The entity indicates that it is working on the implementation of other options in ATMs and other electronic payment channels, “so that the National Payment System has operations with the new exchange rate incorporated.”

The Cuban regime announced on August 3 that it would begin the following day to buy foreign currency, including dollars in cash, but that for the time being they would not sell it to the population.

The minister of the Central Bank of Cuba, Marta Wilson González, specified that the dollars would be bought at 120 Cuban pesos.

after this ad Cubans were quick to express their disapproval on social media.

“How will the currencies and MLCs be put to us now for those of us who need to buy them in the ‘informal market’ in order to later be able to buy them in the MLC stores (which, by the way, is still the only market in which today we can acquire something we need)”, asked on facebook the writer Nelson Simón, president of the UNEAC in Pinar del Río.

“Have they thought of us, the consumers?”, he also questioned.

“If the bank does not sell foreign currency, we will all have to go to the informal market.
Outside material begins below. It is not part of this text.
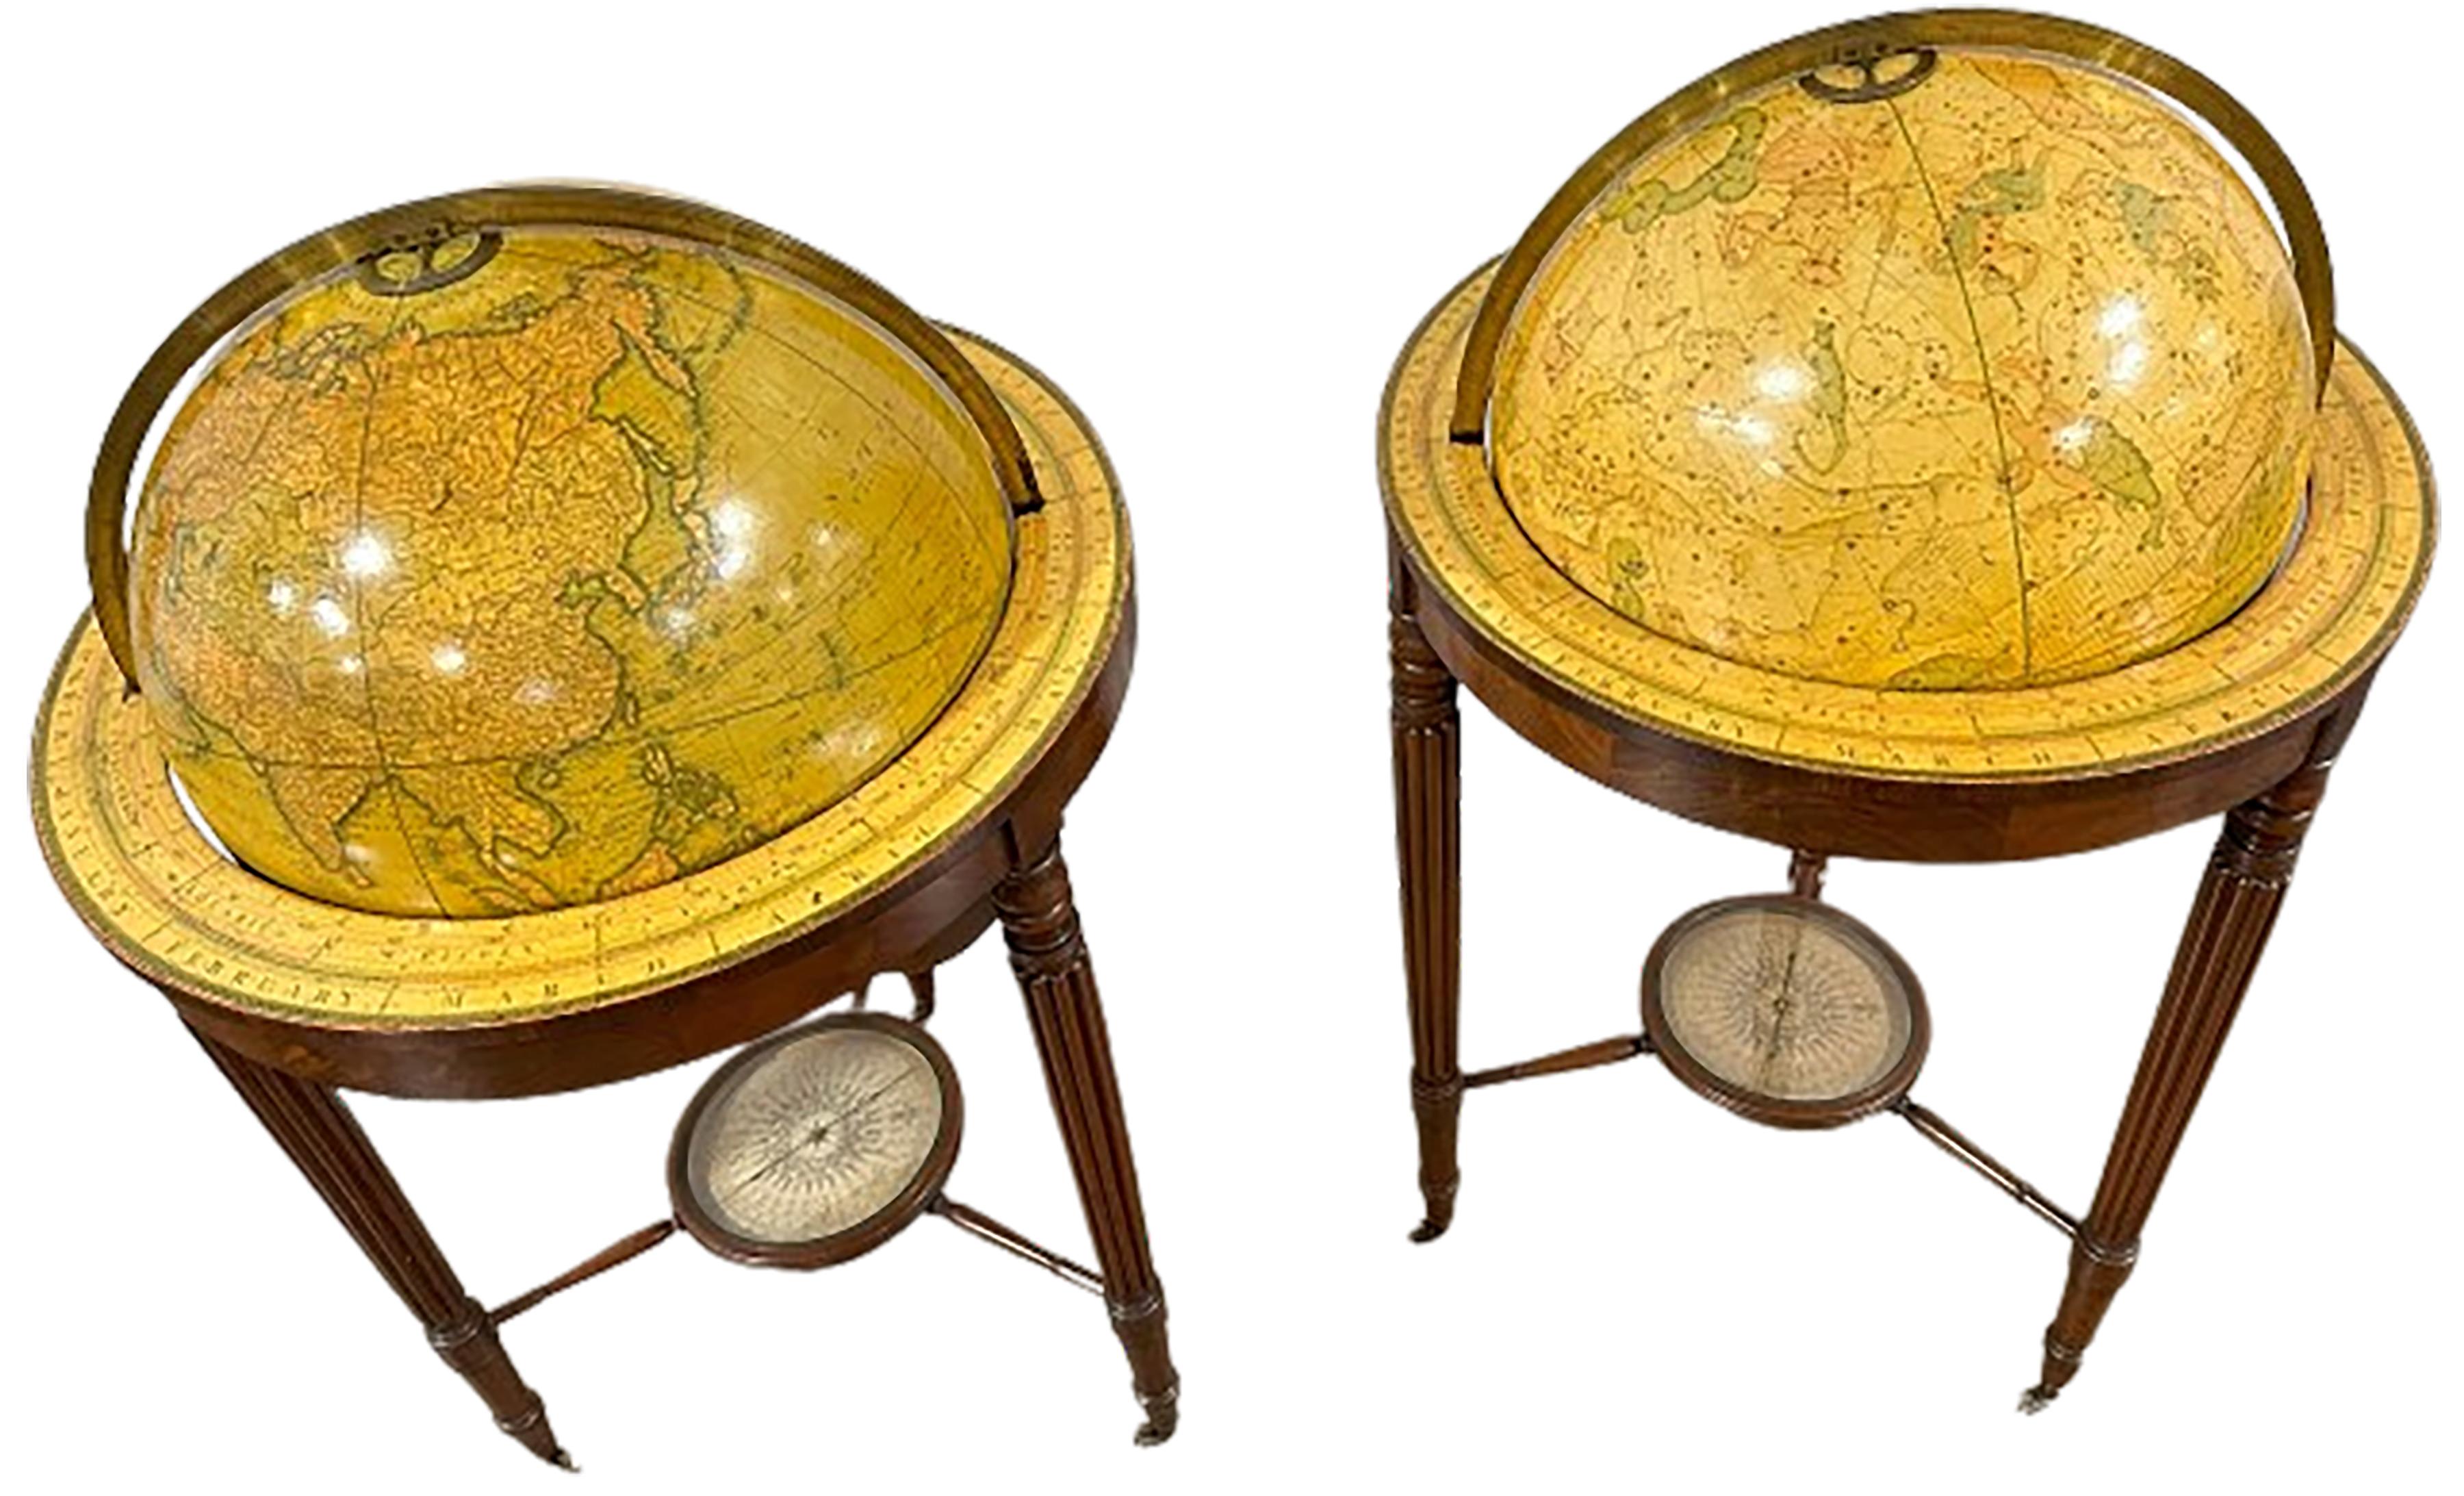 A handsome set of collectable Mid 19th Century library Globes with compasses on castors. Created by George Fredrick Cruchley circa 1850. Compasses sit directly below the globes. Very rare. 

Cruchley's large, detailed library globes offer precise

Necessity will cause the price of foreign exchange in the ‘informal market’ to skyrocket above the rate set by the bank,” he added.

For his part, the user Mayito Sánchez performed the following analysis: “The idea would be that if I enter Cuba with 100 dollars, the government will give me 12,000 pesos, right? So the street people would have to give me at least 15,000 or 20,000 for me to go with them. I would have to risk being scammed on the street, looking for someone who wants to haggle with me. It is easier for me at the airport or at Cadeca to sell them at 120”.

“Those who want to buy me on the street, who are the needy, spend a thousand and one nights to collect a little money in CUP to reach 120. Will they be able to collect more money to motivate me to sell them to them?” he asked.

While José Luis Gutierrez Carballo opined that the measure reaffirmed the state of bankruptcy of the Cuban economy. Just as he questioned: “If the regime is going to buy at 120 and not sell; How much will those who need thousands of dollars to emigrate have to buy it for?